I'll refer to this example from my integration test, but I'll introduce it in pieces.

To use ViewMaterializer<T>, the first thing you need to figure out are the primary key columns of the view you want to optimize. This is based on the assumption that a view -- slow or otherwise -- is aggregating data along one or more reporting dimensions. The T generic argument represents these dimensions. In my example, I'm using a table of made-up sales data, and the view I'm optimizing groups by three columns. The combination of these columns Region, Year, and ItemClass describes a unique row in this view. Therefore, in order to implement a ViewMaterializer for it, we need to create a class with these three properties:

public class SalesMaterializerResult
{
    public string Region { get; set; }
    public int Year { get; set; }
    public string ItemClass { get; set; }
}

Next, we can create our ViewMaterializer class like this:

public class SalesMaterializer : ViewMaterializer<SalesMaterializerResult>
{
}

But this code won't compile because ViewMaterializer<T> is abstract, meaning it has several members we need to implement. Let's start with the easiest. We need to tell our materializer class what our (slow) view is along with the table we'll be incrementally merging into. We implement the SourceView and IntoTable properties accordingly. You can find the view definition here. It's not necessary for the IntoTable to exist. I typically put such tables in an rpt schema to indicate they are "reporting" tables. The IntoTable is created dynamically at runtime here.

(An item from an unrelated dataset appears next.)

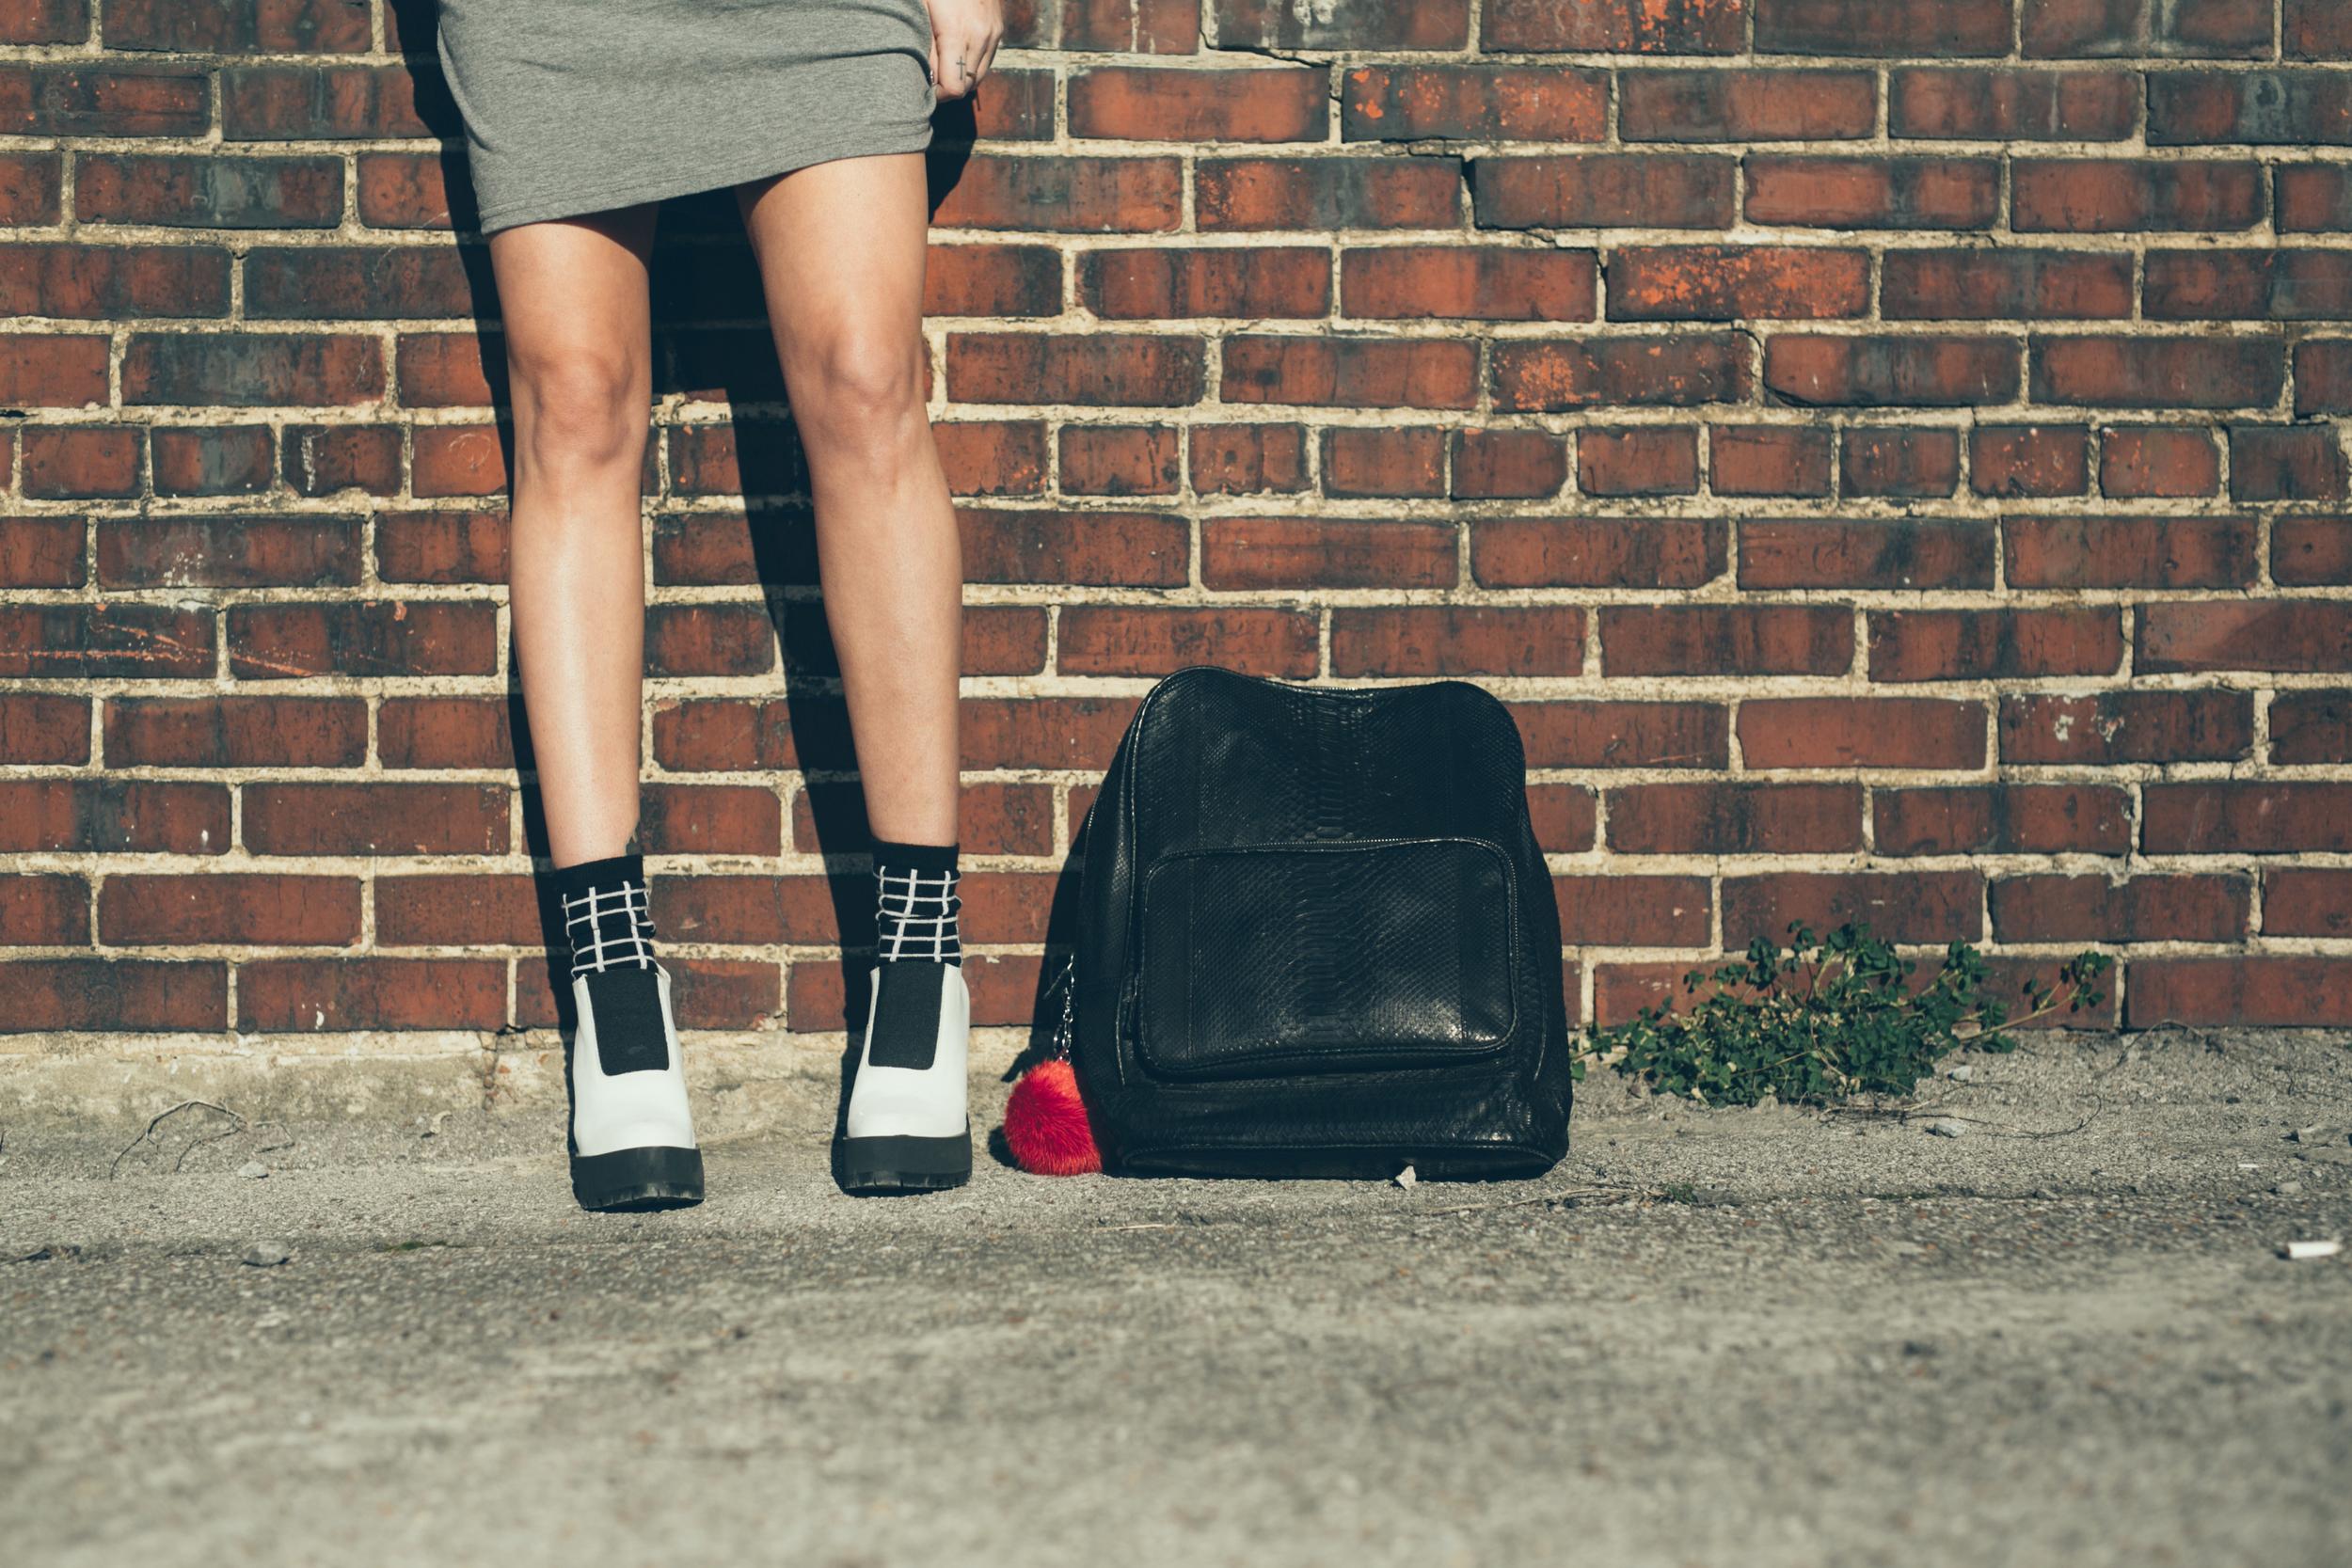 Dress -  Brandi Cyrus for Valley City  |  Jacket - Reformation  | Shoes - Miista | Bag - Gelareh Mizrahi | Socks - TopShop

public class SalesMaterializer : ViewMaterializer<SalesMaterializerResult>
{
    protected override string SourceView => "dbo.SalesHistoryTotals";
    protected override string IntoTable => "rpt.SalesHistoryTotals";
}

The final piece we have to implement is the GetChangesAsync abstract method. This is where change tracking comes in, and is how we tell the ViewMaterializer what view data has changed since the last time it was merged. This part is harder to explain, so I'll just show the code, then unpack it piece by piece:

public class SalesMaterializer : ViewMaterializer<SalesMaterializerResult>
{
    protected override string SourceView => "dbo.SalesHistoryTotals";
    protected override string IntoTable => "rpt.SalesHistoryTotals";

    protected override async Task<IEnumerable<SalesMaterializerResult>> GetChangesAsync(SqlConnection connection, long version)
    {
        return await connection.QueryAsync<SalesMaterializerResult>(
            @"SELECT 
                [sh].[Region],
                YEAR([sh].[Date]) AS [Year], 	
                UPPER(LEFT([sh].[ItemNumber], 2)) AS [ItemClass]
           FROM 
                CHANGETABLE(CHANGES dbo.SalesHistory, @version) AS [changes]
	        INNER JOIN [dbo].[SalesHistory] [sh] ON [changes].[Id]=[sh].[Id]
           GROUP BY
	        [sh].[Region],
	        YEAR([sh].[Date]),
	        UPPER(LEFT([sh].[ItemNumber], 2))", new { version });
        }
    }

The idea behind GetChangesAsync is to ask change tracking what has changed in our base table dbo.SalesHistory since the last time it was synchronized. That's what CHANGETABLE(CHANGES dbo.SalesHistory, @version) means. But we need the data about changes to have our dbo.SalesHistoryTotals view columns. Since the CHANGETABLE alone doesn't have the Region, Year, and ItemClass columns, I join it to the base table dbo.SalesHistory then perform the same grouping that the SourceView does. In this way, we can get incremental changes to the base table in a way that's compatible with the view we're merging.

The version argument is a magic number incremented by SQL Server, and managed internally by the ViewMaterializer<T> class. This is used to identify rows modified or deleted after the last time the view was synchronized. Every time you call the ExecuteAsync method to perform a merge, this version number is captured so that only rows modified after the last merge are found.

In the integration test example, you can see that I create random data, then perform two arbitrary updates of it, each time merging changes to the IntoTable. At the end of the test, I assert that the source view and the reporting table have identical data.